Current applications and real-world implementations - Diagnostic implementation: For any IPH/DAH of unclear cause, screen for CD with anti‑tTG/endomysial antibodies (with IgG-based testing if IgA deficient). Proceed to small-intestinal biopsy if positive. BAL for HLM supports IPH; lung biopsy rarely required but remains gold standard when diagnosis uncertain (saha2022comparativeanalysisof pages 10-11, saha2022comparativeanalysisof pages 7-8, fontes2023lanehamiltonsyndromein pages 5-6). - Treatment: Strict, lifelong GFD is foundational; many LHS cases remit on GFD alone. Systemic corticosteroids are commonly used during acute DAH or when GFD alone is insufficient; steroid-sparing agents (e.g., azathioprine) have been used in selected cases (saha2022comparativeanalysisof pages 9-10, saha2022comparativeanalysisof pages 7-8, fontes2023lanehamiltonsyndromein pages 3-5, aksu2024diettreatablecauseof pages 1-2). Nonadherence to GFD is a common cause of relapse and can be fatal (aksu2024diettreatablecauseof pages 1-2).

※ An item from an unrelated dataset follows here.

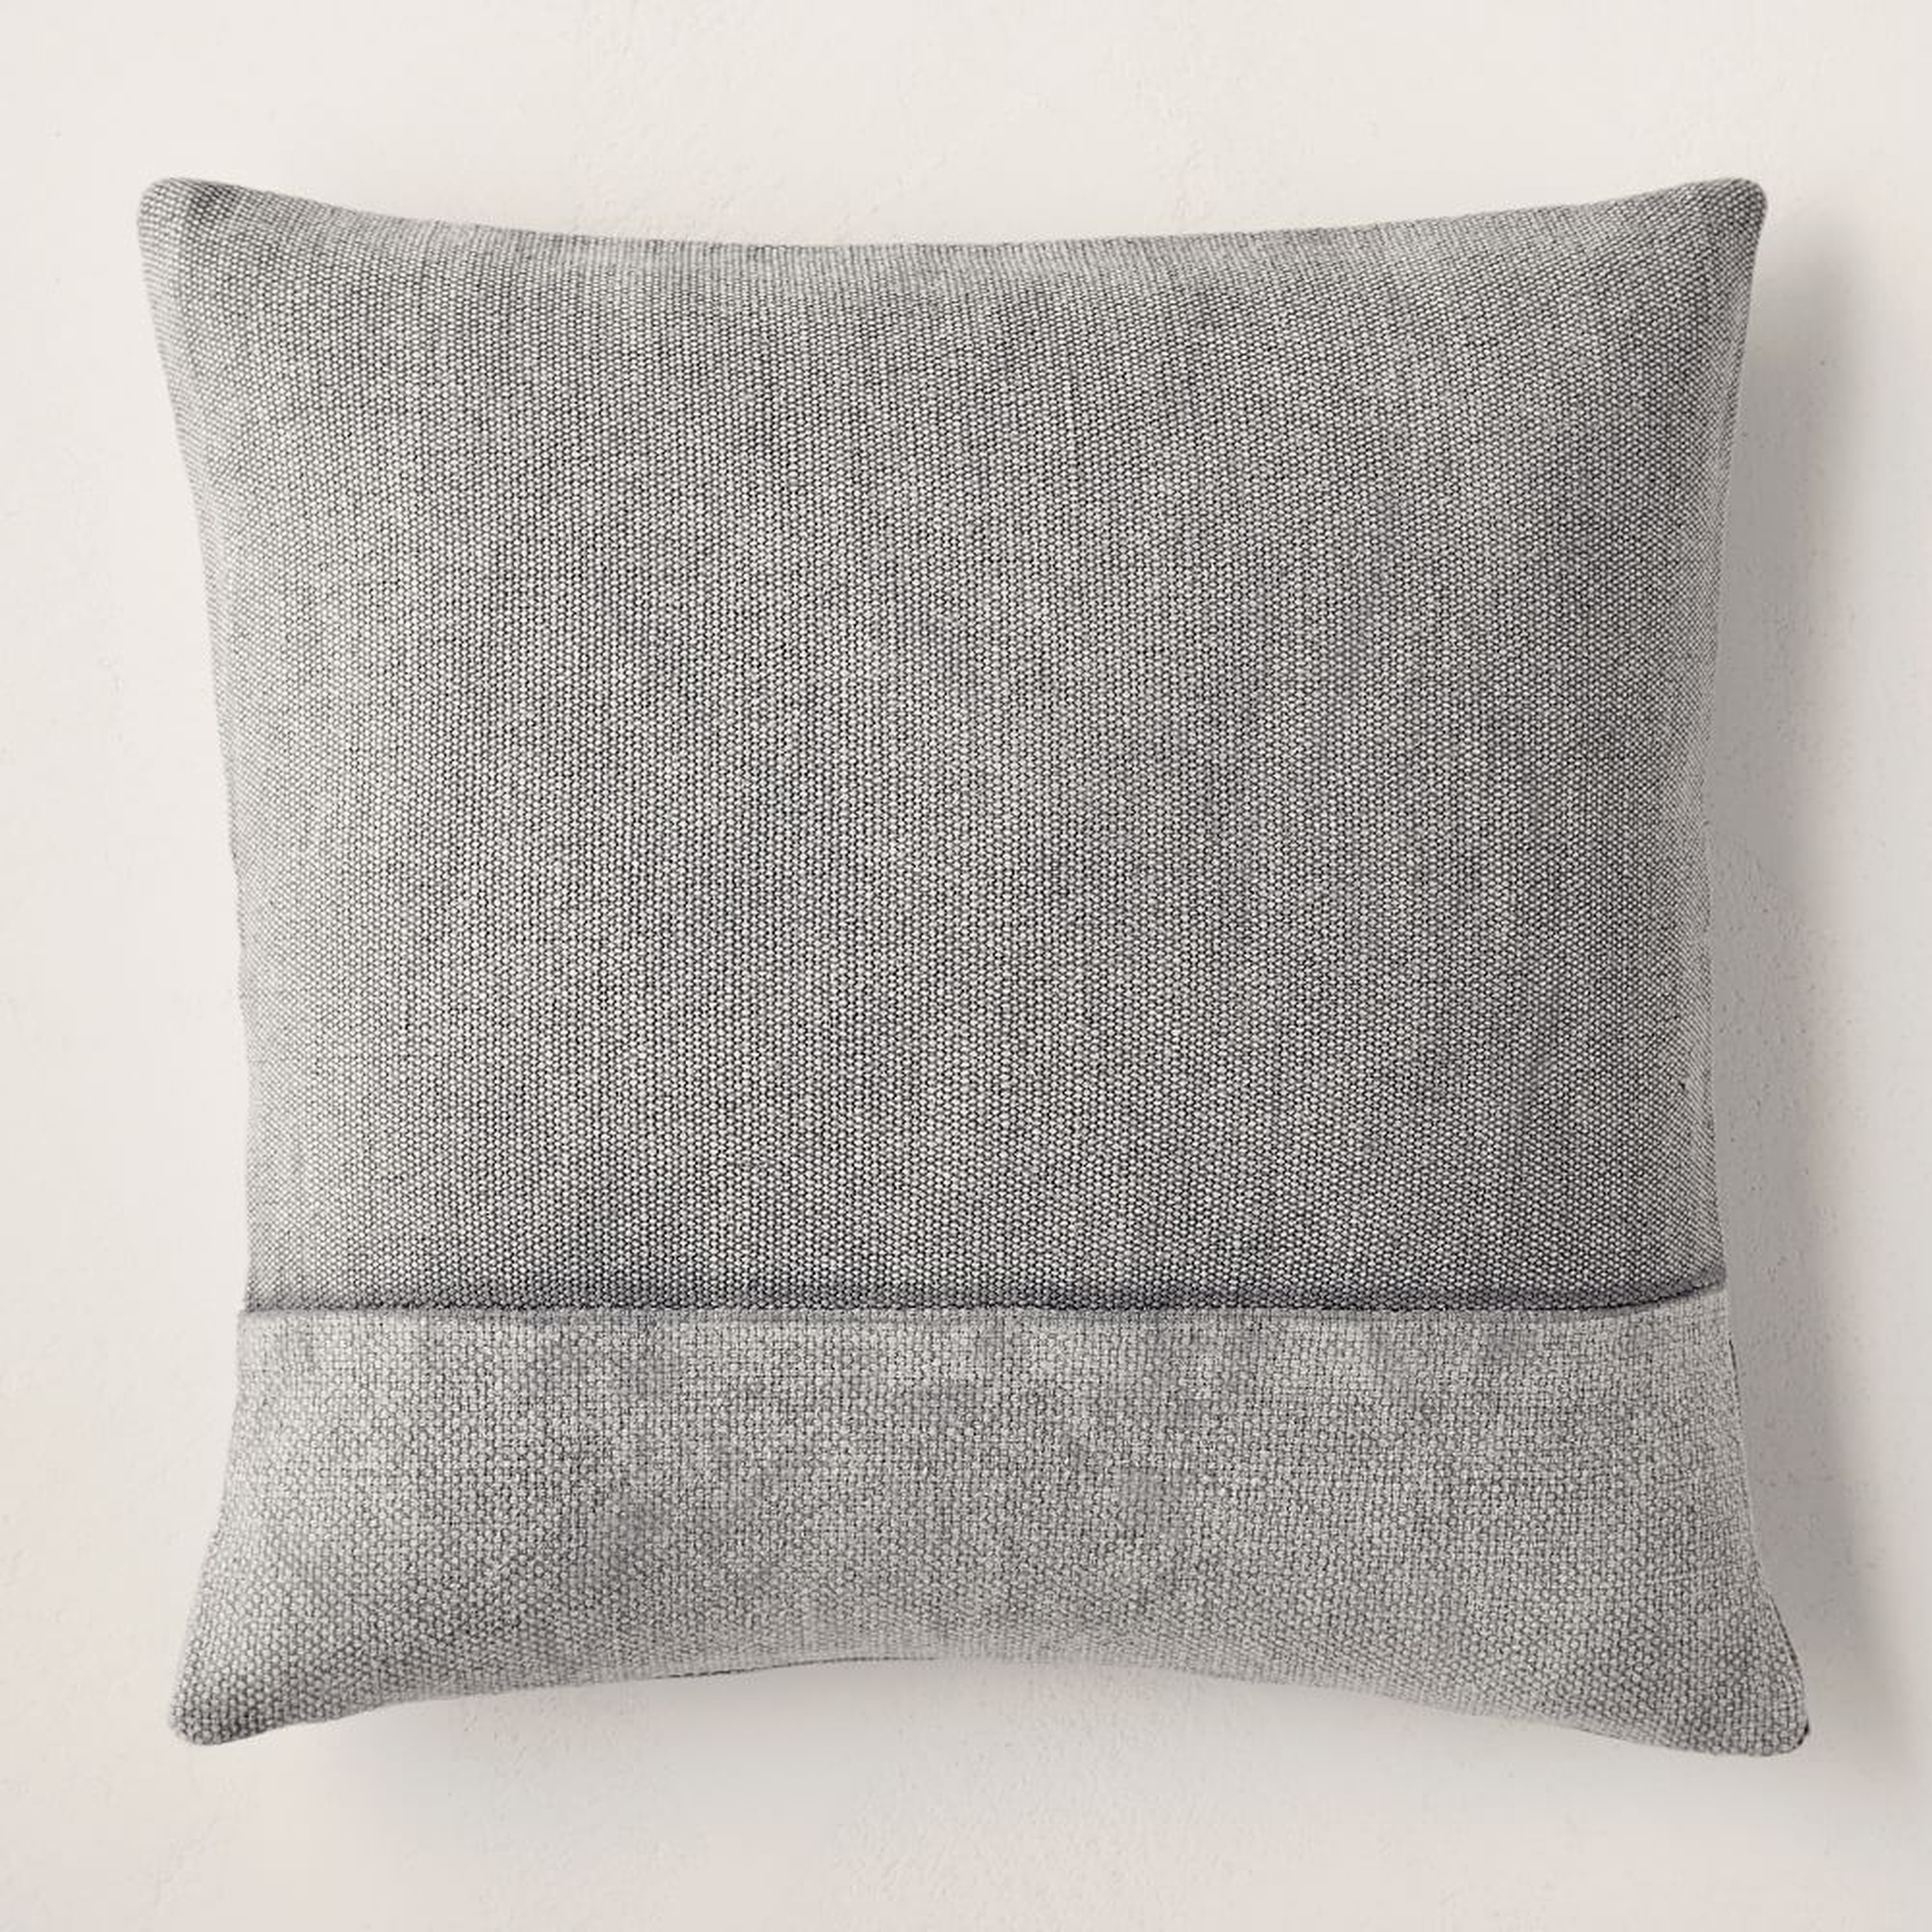 Cotton Canvas Pillow Cover, 18"x18", Iron - West Elm
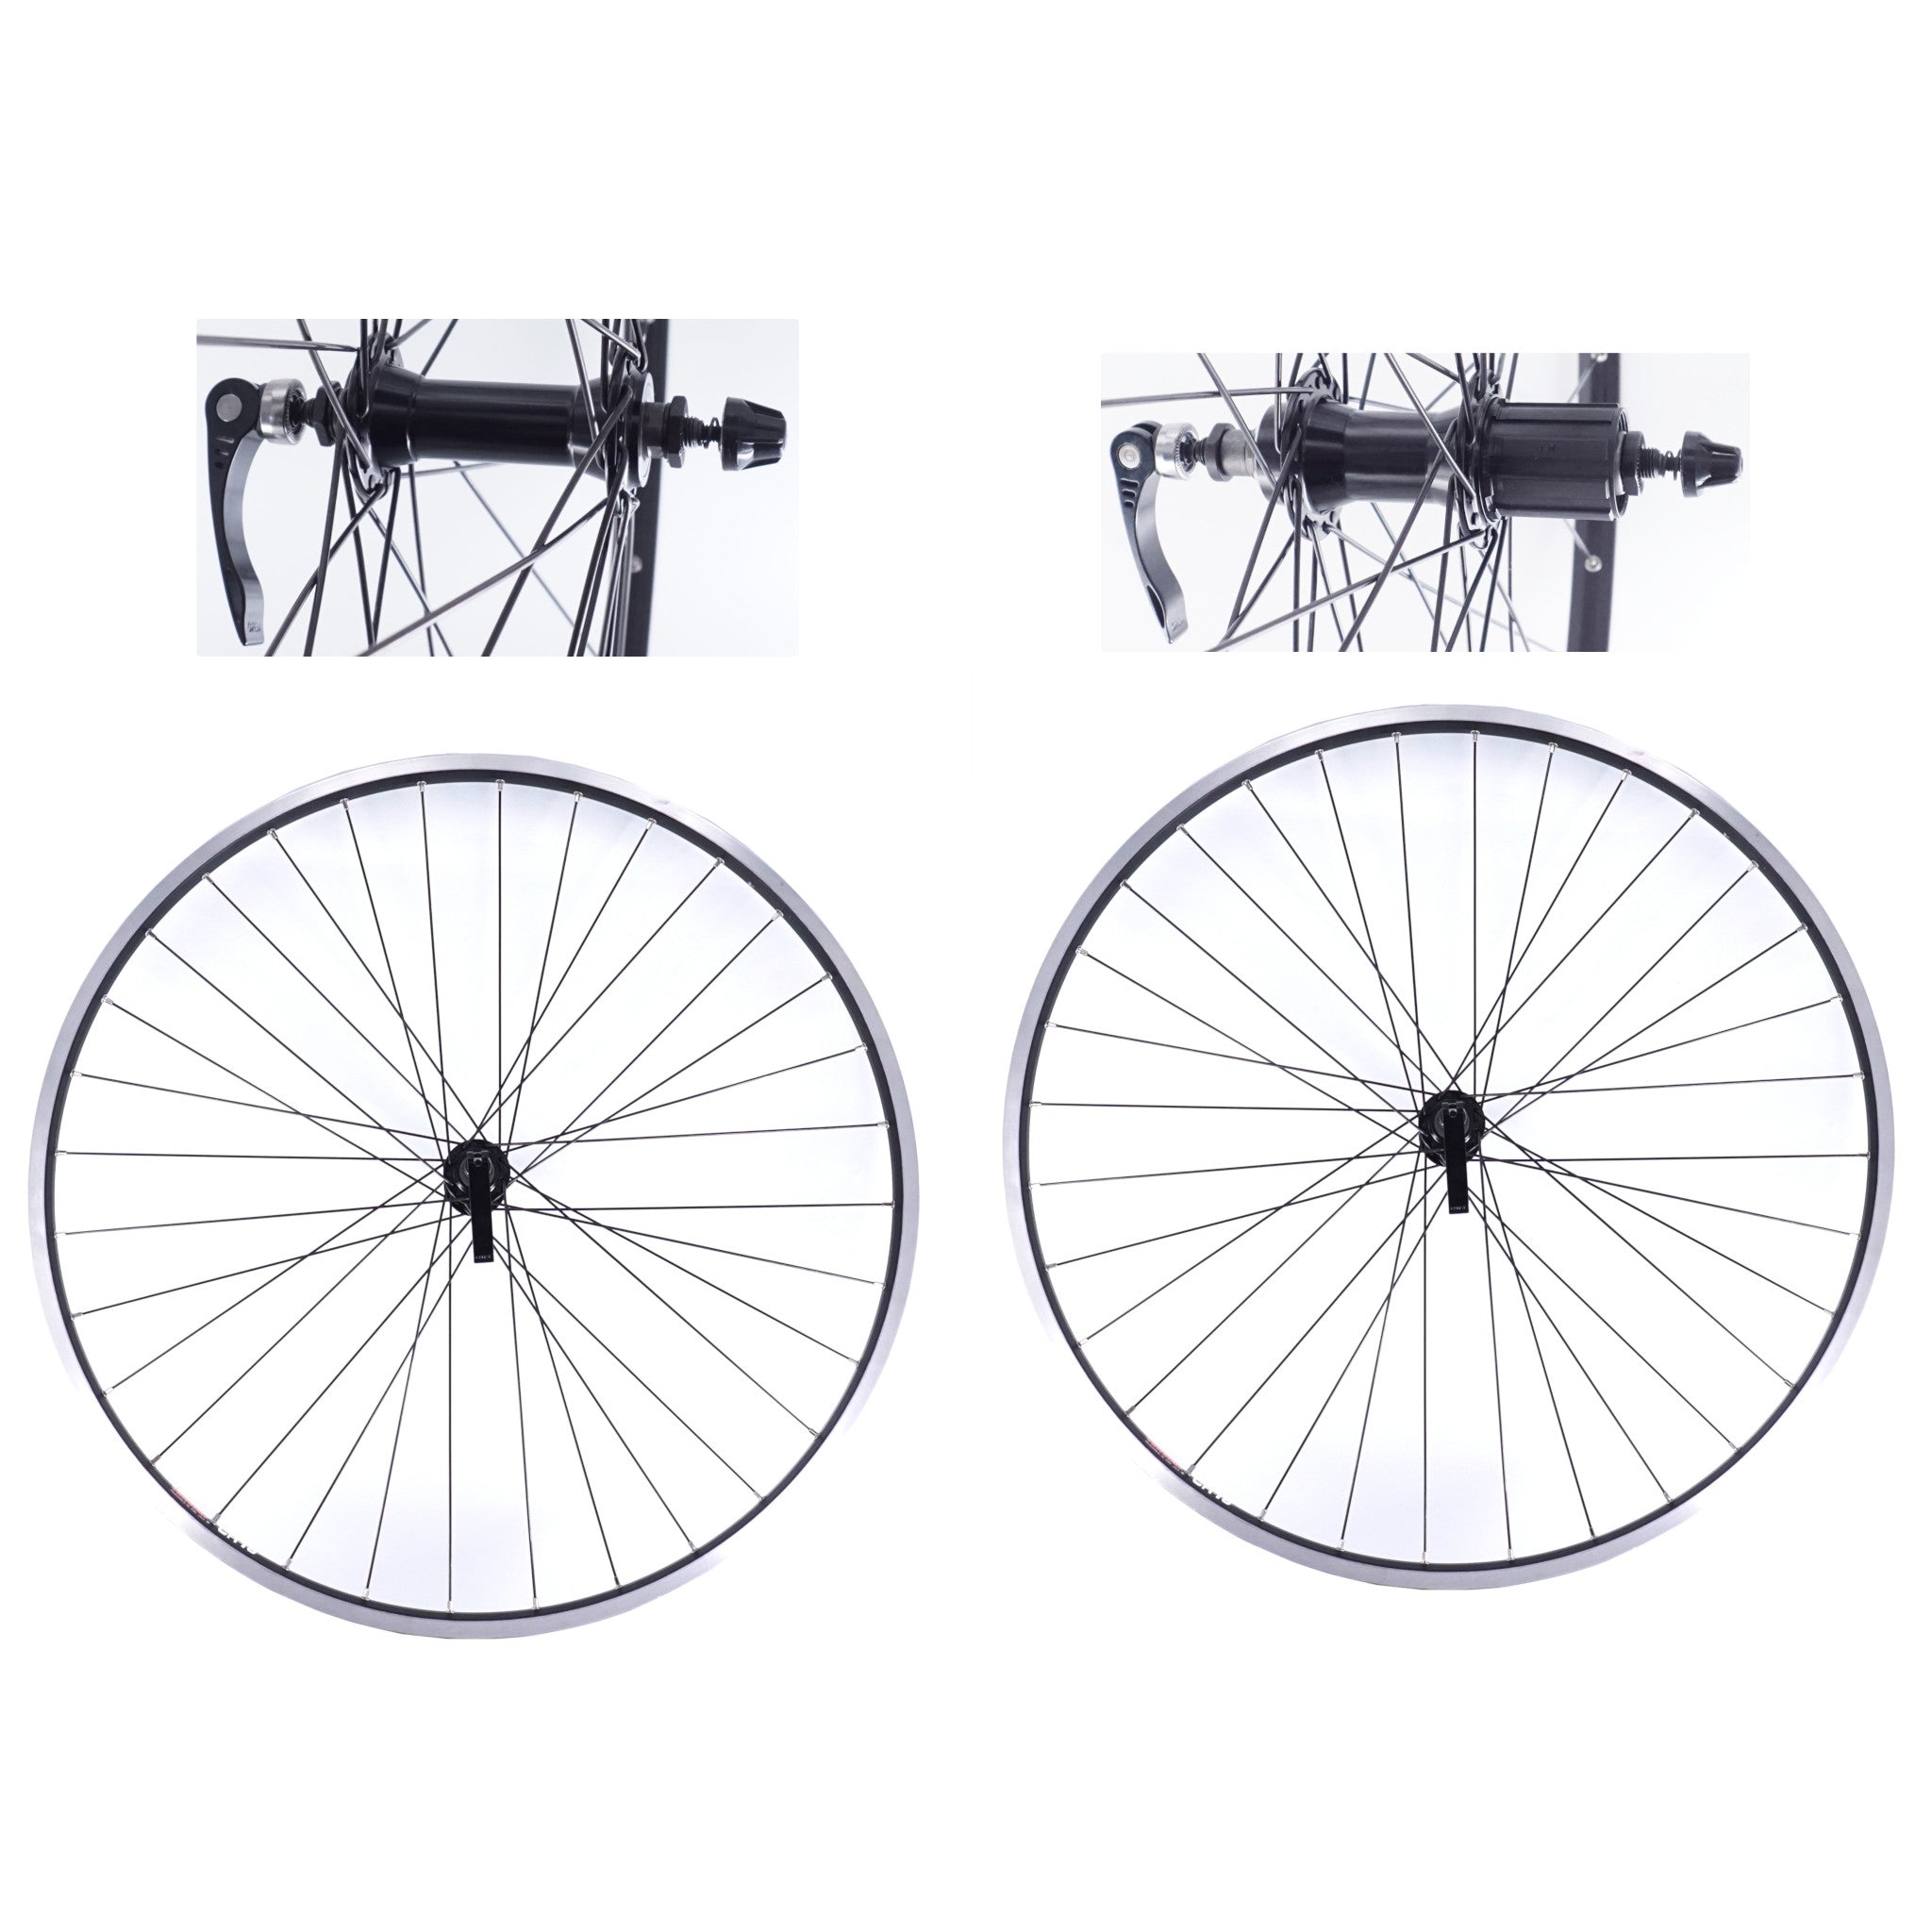 Sun Ringle CR-18 700c Front and Rear-Cassette (135) Hybrid Bike Wheelset - The Bikesmiths

Expert opinions and analysis from authoritative sources - Systematic review recommendation: given frequent absence of GI symptoms and a substantial co-prevalence, “serologic testing for CD in all patients diagnosed with IPH” is recommended (Cureus, 2022; https://doi.org/10.7759/cureus.23482) (saha2022comparativeanalysisof pages 1-2, saha2022comparativeanalysisof pages 10-11). - Mechanistic stance: IPH/LHS likely represents an “immune-mediated pulmonary hemosiderosis,” with permeability increase mediated by inflammatory mediators rather than classic vasculitis (saha2022comparativeanalysisof pages 9-10, saha2022comparativeanalysisof pages 10-11).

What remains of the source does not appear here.